Most facial recognition terminals employ some form of IR (Infrared) technology to help ensure high visibility by the unit’s image sensor. This often limits where the unit can be installed such as outdoors or near windows due to strong ambient light. More advanced facial recognition readers employ as many as 80 wide-angle near infrared LEDs and 60 narrow-angle near infrared LEDs, allowing the unit to recognize faces even in full daylight and brightly lit environments (not direct sun). This enables installation at indoor locations near windows, lobbies and building entries.  

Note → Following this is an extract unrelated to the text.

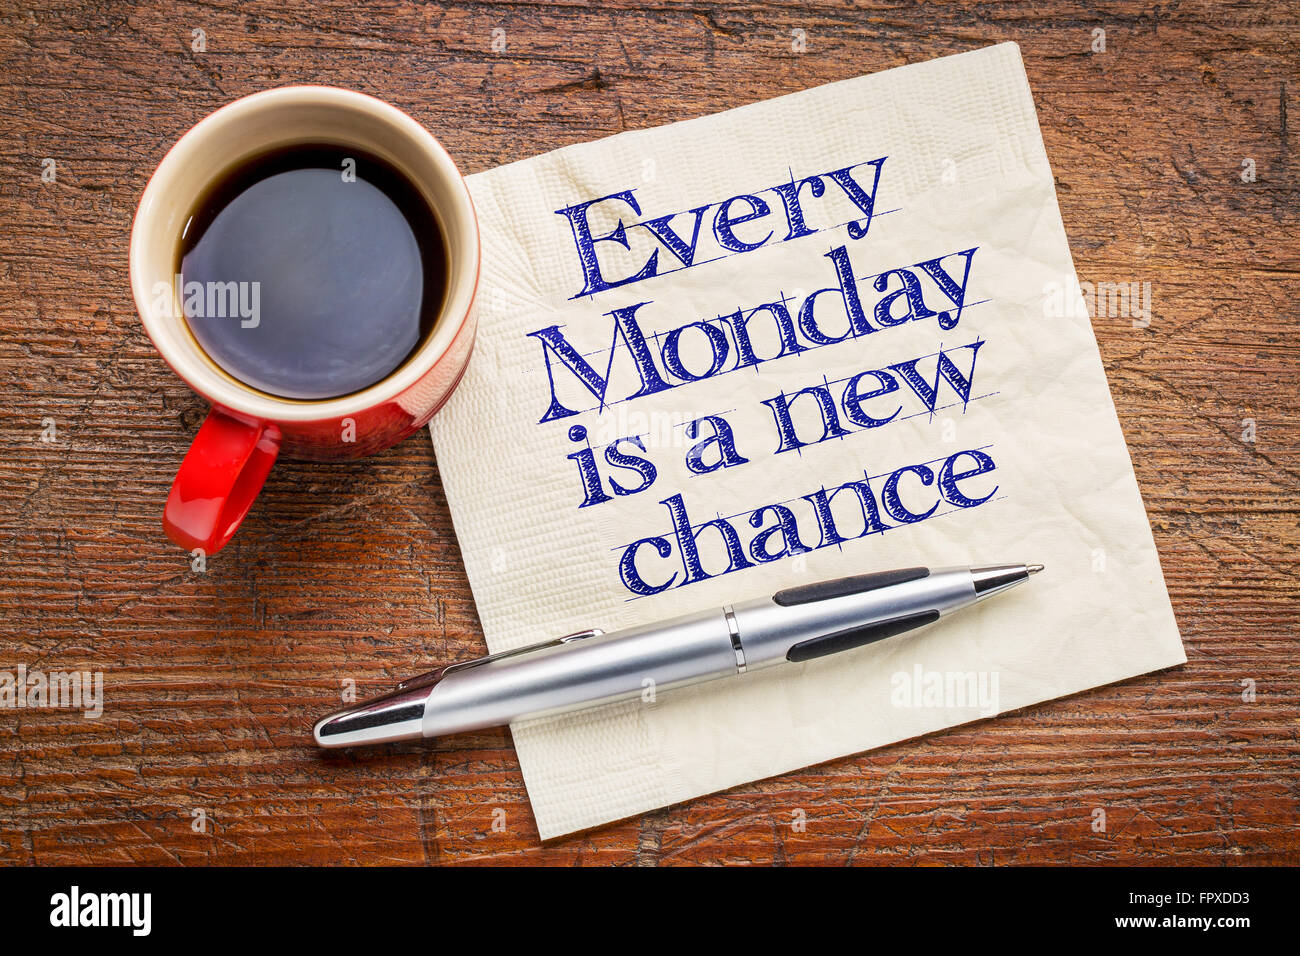 Ogni lunedì è una nuova chance - grafia motivazionale sul tovagliolo con una tazza di caffè Foto Stock

Another facial recognition reader advancement to look for involves three-dimensional pixel intensity analysis. Ambient lighting contains ultraviolet rays which can negate near infrared LED lighting, and can also cast shadows making it difficult for a facial recognition reader to pinpoint the facial recognition points required for identification and authentication. Three-dimensional pixel intensity distribution analysis minimizes the effects of ambient light when acquiring facial images by minimizing lighting contrasts. As a result, it is easier for the algorithm to recognize the shape of the face enabling it to extract more facial features and create higher quality face templates, which are critical for accurate facial recognition. 

The angle and position of a facial recognition reader directly impact the performance of the unit. Facial recognition readers with different viewing angles for built-in visual and infrared cameras allows users to stand at positions that are most suitable for facial recognition with little or no effort of contortions. This results in a faster, more comfortable, and convenient user experience. 

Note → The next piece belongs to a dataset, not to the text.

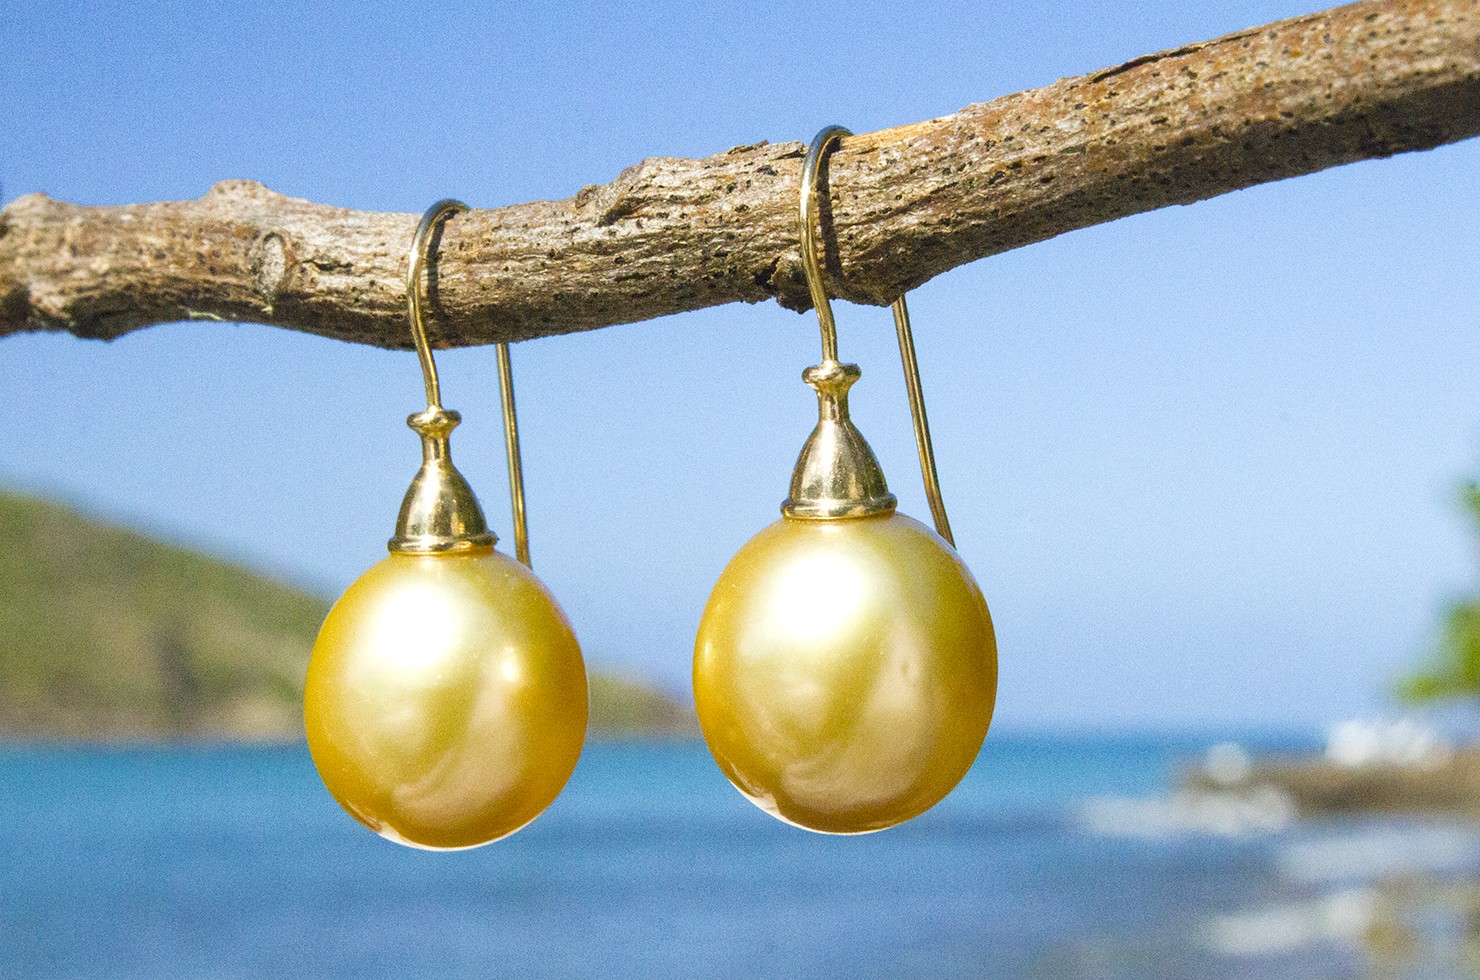 Boucle d'oreilles perles d'Australie dorée - 12 mm

It is most important that the facial recognition readers you evaluate are capable of analyzing faces in real time to maintain fluid entry/egress even during high volumes of employee traffic. Hardware-dependent live face detection systems employing technologies such as facial thermogram recognition and facial vein recognition require expensive hardware components, provide less accurate matches and slower authentication performance, which is counterintuitive for mainstream access control and workforce management applications. 

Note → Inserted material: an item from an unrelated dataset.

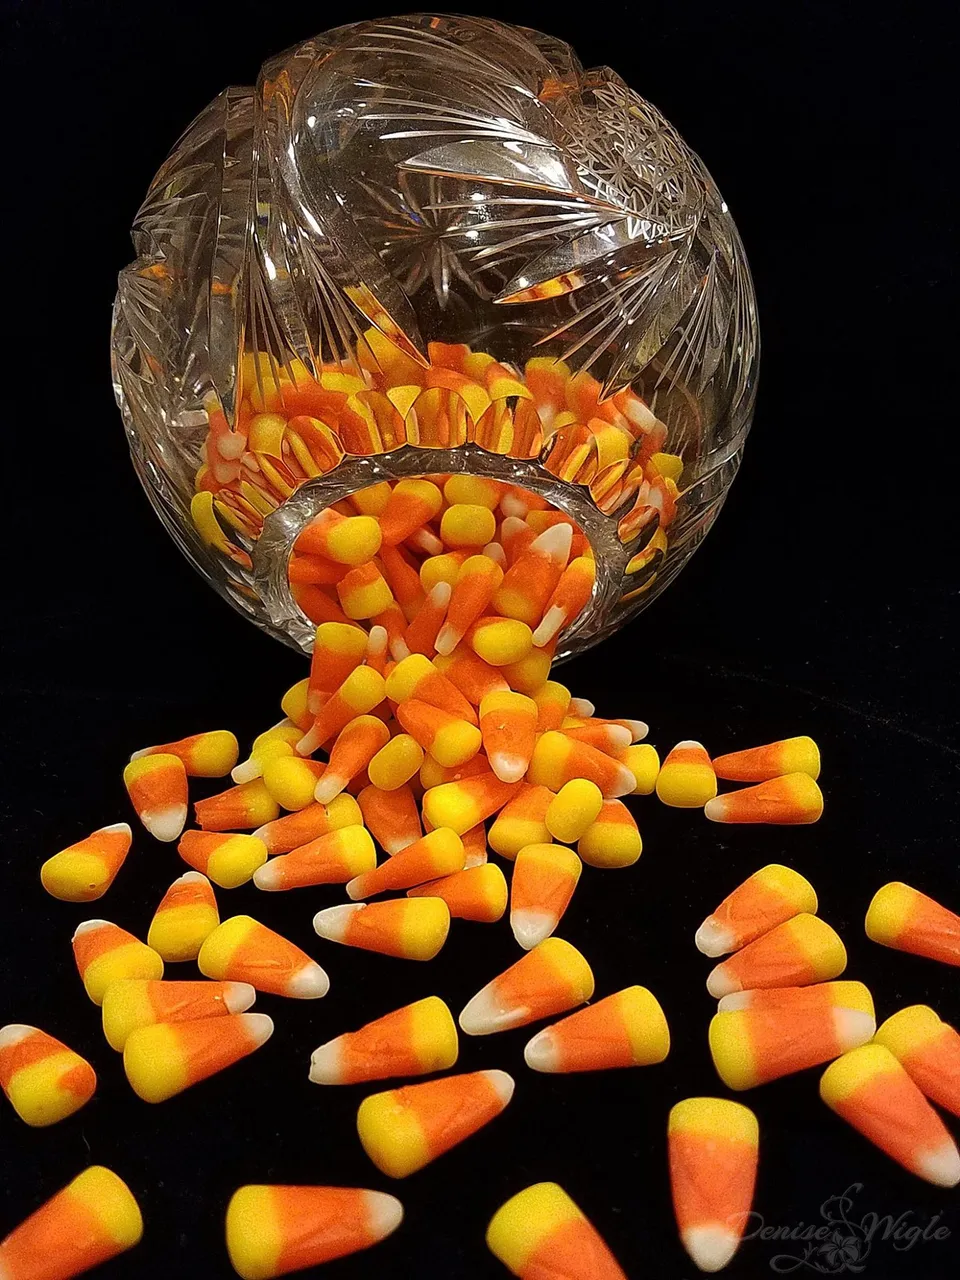 candy corn.jpg

Thermal Camera integration is expected to enhance security and safety at sites by combining face recognition and skin temperature measurement with facial recognition hardware unit. It increased the accuracy and consistency of the temperature measurement by using the face recognition algorithm to pinpoint the upper area of the face. It displays skin temperature and thermal image of a subject’s face on its intuitive GUI, giving audio and visual alerts when higher than threshold temperature is detected.

Personal devices

For technology to be completely touch-free it must operate without the need for physical contact, like in the examples above. However, the introduction of smartphones and other personal devices have made nearly touch-free technology possible as well. Anything that operates at the command of your own personal device allows you to avoid touching public surfaces. The emergence of smartphones using iOS and Android is rapidly changing the landscape of the IT industry around the world. Several industries, such as digital cameras, car navigation, MP3, and PNP, have been replaced by equivalent or even better performance using smartphones. Smartphones provide increasing portability by integrating the functions of various devices into a single unit which allows them to connect to platforms with network-based services and offer new services and conveniences that have never been experienced before.

The combination of smartphones and access cards is creating a new value that goes beyond the simple convenience of integration enhancing the ability to prevent unauthorized authentication and entrance. People sometimes lend their access cards to others, but it is far less likely they might lend their smartphone with all their financial information and personal information – to another person. This overcomes an important fundamental weakness of RF cards.

Another valuable aspect of mobile credential is that it makes it possible to issue or reclaim cards without face-to-face interaction. Under existing access security systems, cards must be issued in person. Since card issuance implies access rights, the recipient’s identification must be confirmed first before enabling the card and once the card has been issued, it cannot be retracted without another separate face-to-face interaction. In contrast, mobile access cards are designed to transfer authority safely to the user's smartphone based on TLS. In this way, credentials can be safely managed with authenticated users without face-to-face interaction.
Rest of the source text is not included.